Note that item name and symbol and their meaning may differ from those on another manufacture’s document or general document.
1. Absolute maximum ratings
Absolute maximum rating item indicates the condition which must not be exceeded. Application of voltage in excess of absolute
maximum rating or use out of absolute maximum rated temperature environment may cause deterioration of characteristics.

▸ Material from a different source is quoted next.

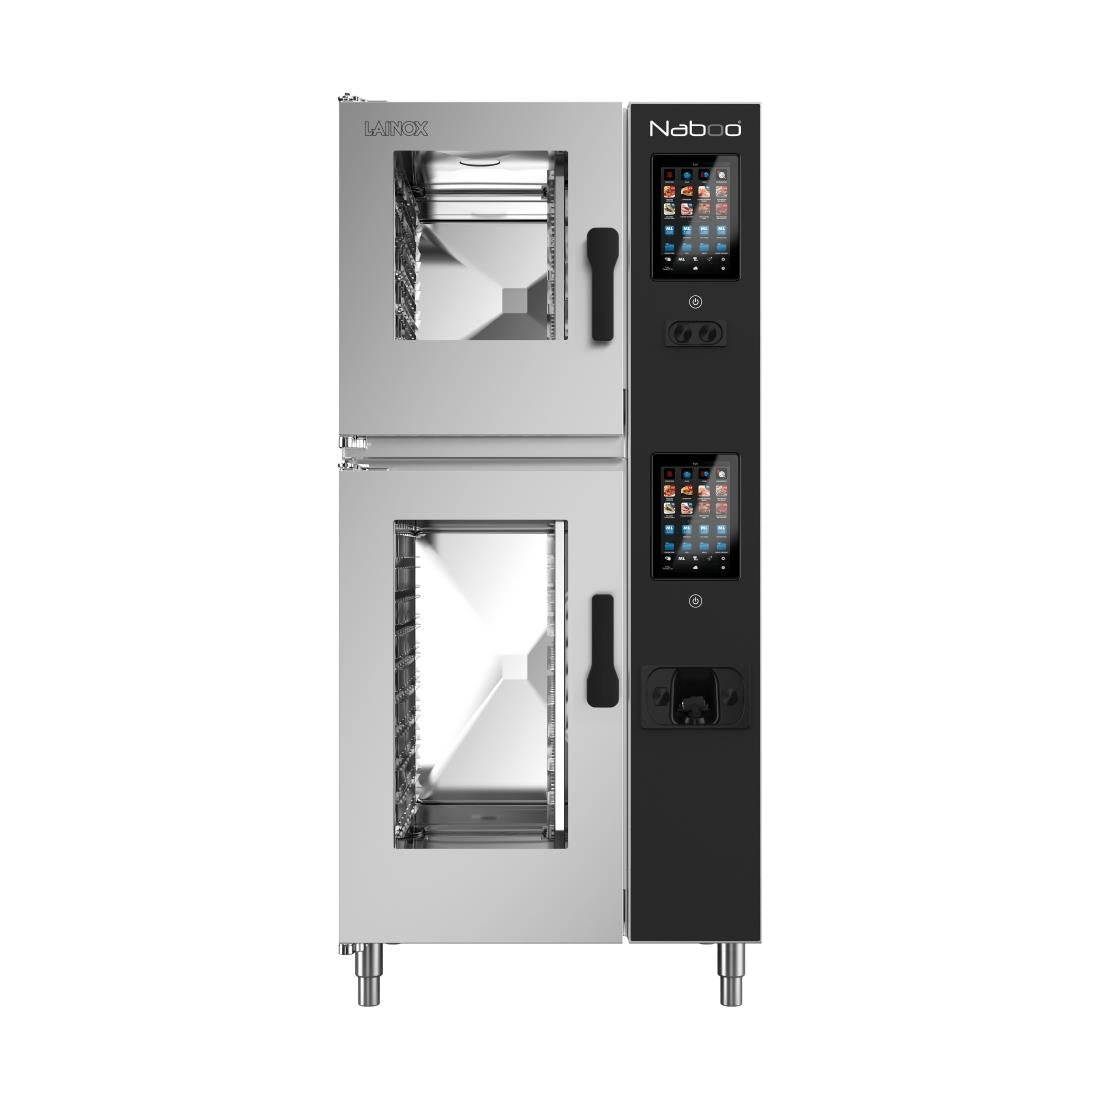 HP556 Lainox Naboo Boosted Electric Touch Screen Combi Oven NAE161BV 16X1/1GN JD Catering Equipment Solutions Ltd

1.1 Power supply voltage (VDD/VSS)
Indicates the maximum voltage that can be applied between the positive power supply terminal and negative power supply
terminalwithout deterioration or destruction of characteristics of internal circuit.
1.2 Differential input voltage (Vid)
Indicates the maximum voltage that can be applied between non-inverting terminal and inverting terminal without
deterioration and destruction of characteristics of IC.
1.3 Input common-mode voltage range (Vicm)
Indicates the maximum voltage that can be applied to non-inverting terminal and inverting terminal without deterioration or
destruction of characteristics. Input common-mode voltage range of the maximum ratings not assure normal operation of
IC. When normal Operation of IC is desired, the input common-mode voltage of characteristics item must be followed.
1.4 Power dissipation (Pd)
Indicates the power that can be consumed by specified mounted board at the ambient temperature 25℃( normal temperature).
As for package product, Pd is determined by the temperature that can be permitted by IC chip in the package(maximum
junction temperature)and thermal resistance of the package.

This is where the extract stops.